Repeat, word for word, all the data that follows, and exclude the pictures.

----- DATA SEGMENT

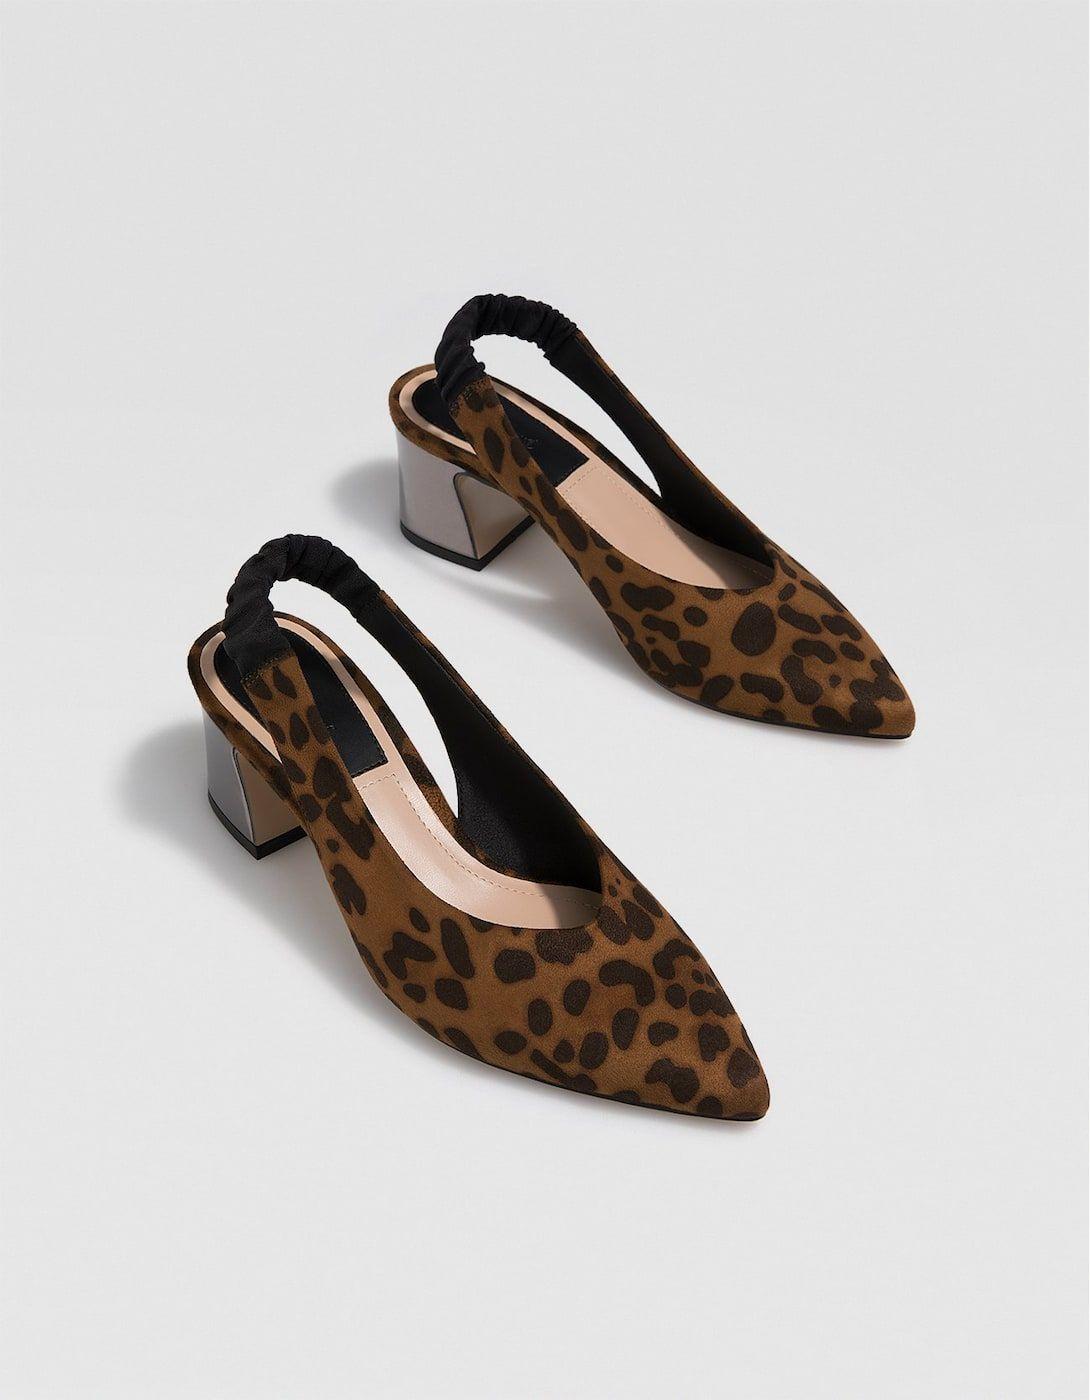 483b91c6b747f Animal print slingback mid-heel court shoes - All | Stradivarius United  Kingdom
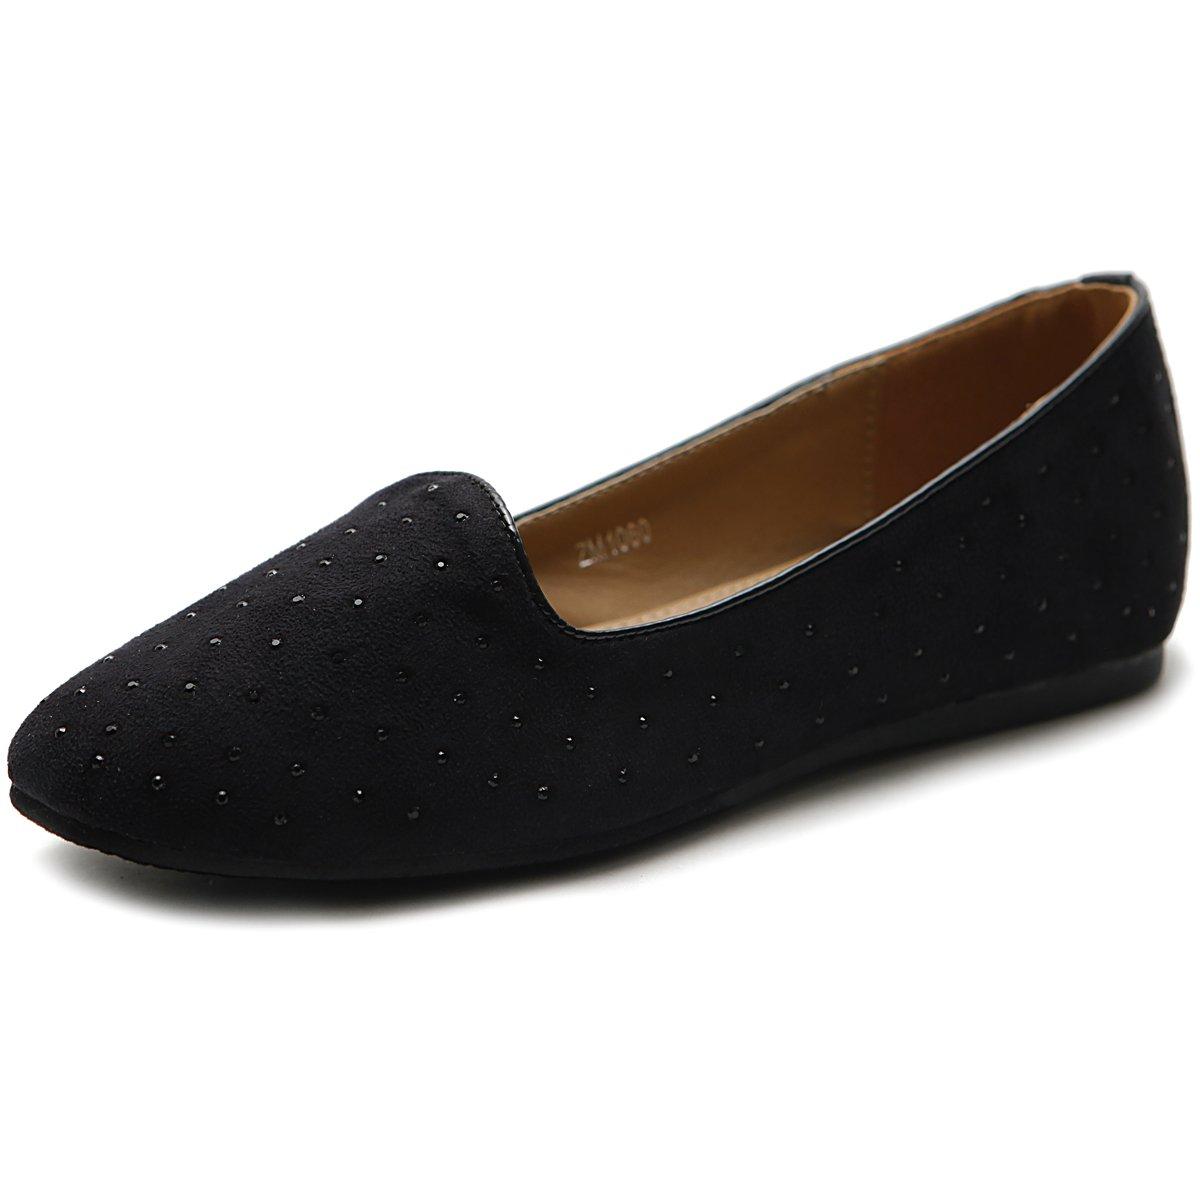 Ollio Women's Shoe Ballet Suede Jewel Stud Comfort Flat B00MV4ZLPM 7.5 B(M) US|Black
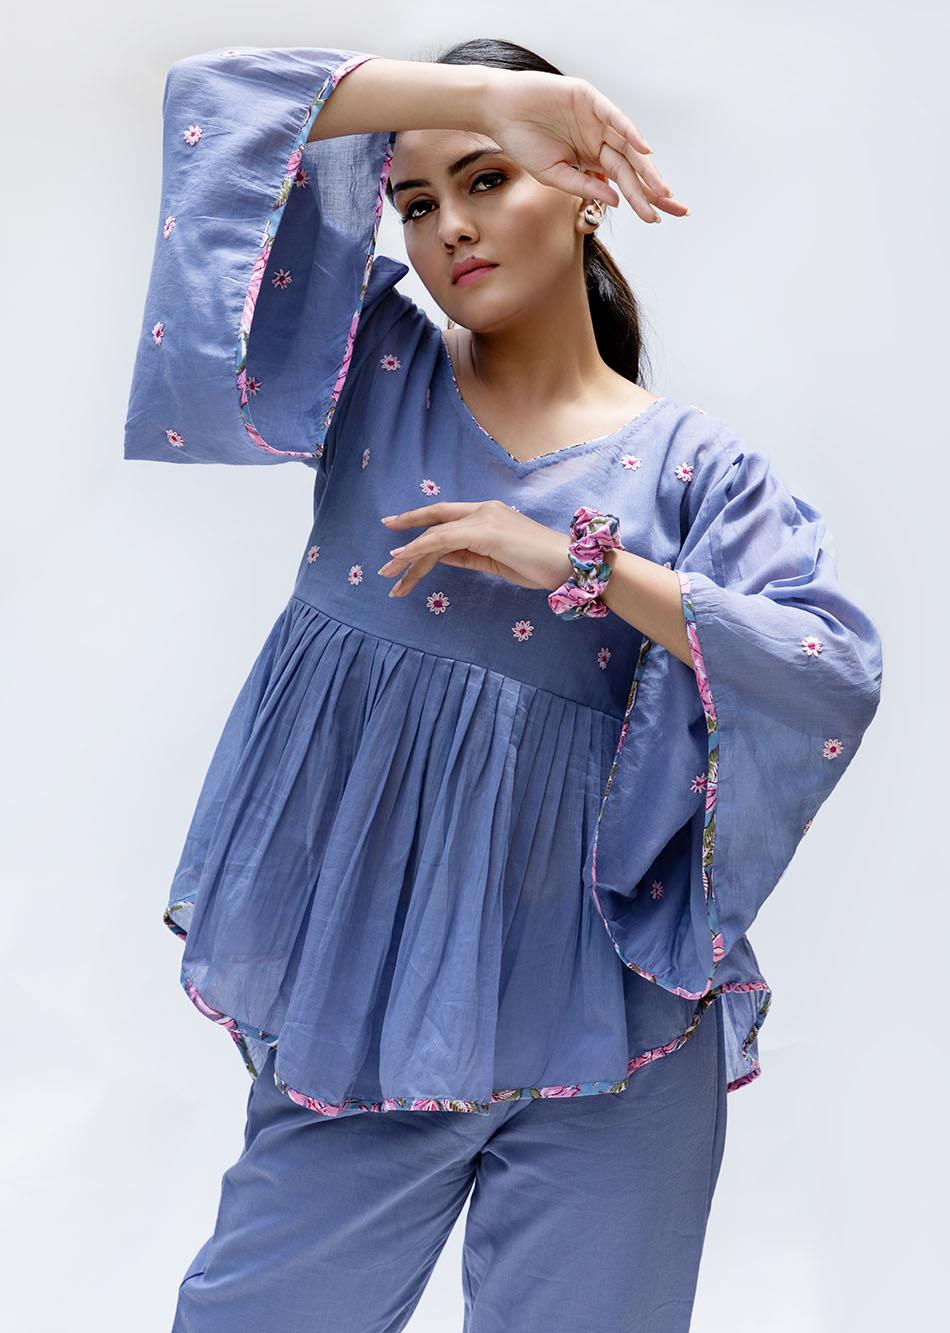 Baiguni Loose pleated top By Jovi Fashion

----------

OUTPUT BELOW
 483b91c6b747f Animal print slingback mid-heel court shoes - All | Stradivarius United  Kingdom
 Ollio Women's Shoe Ballet Suede Jewel Stud Comfort Flat B00MV4ZLPM 7.5 B(M) US|Black
 Baiguni Loose pleated top By Jovi Fashion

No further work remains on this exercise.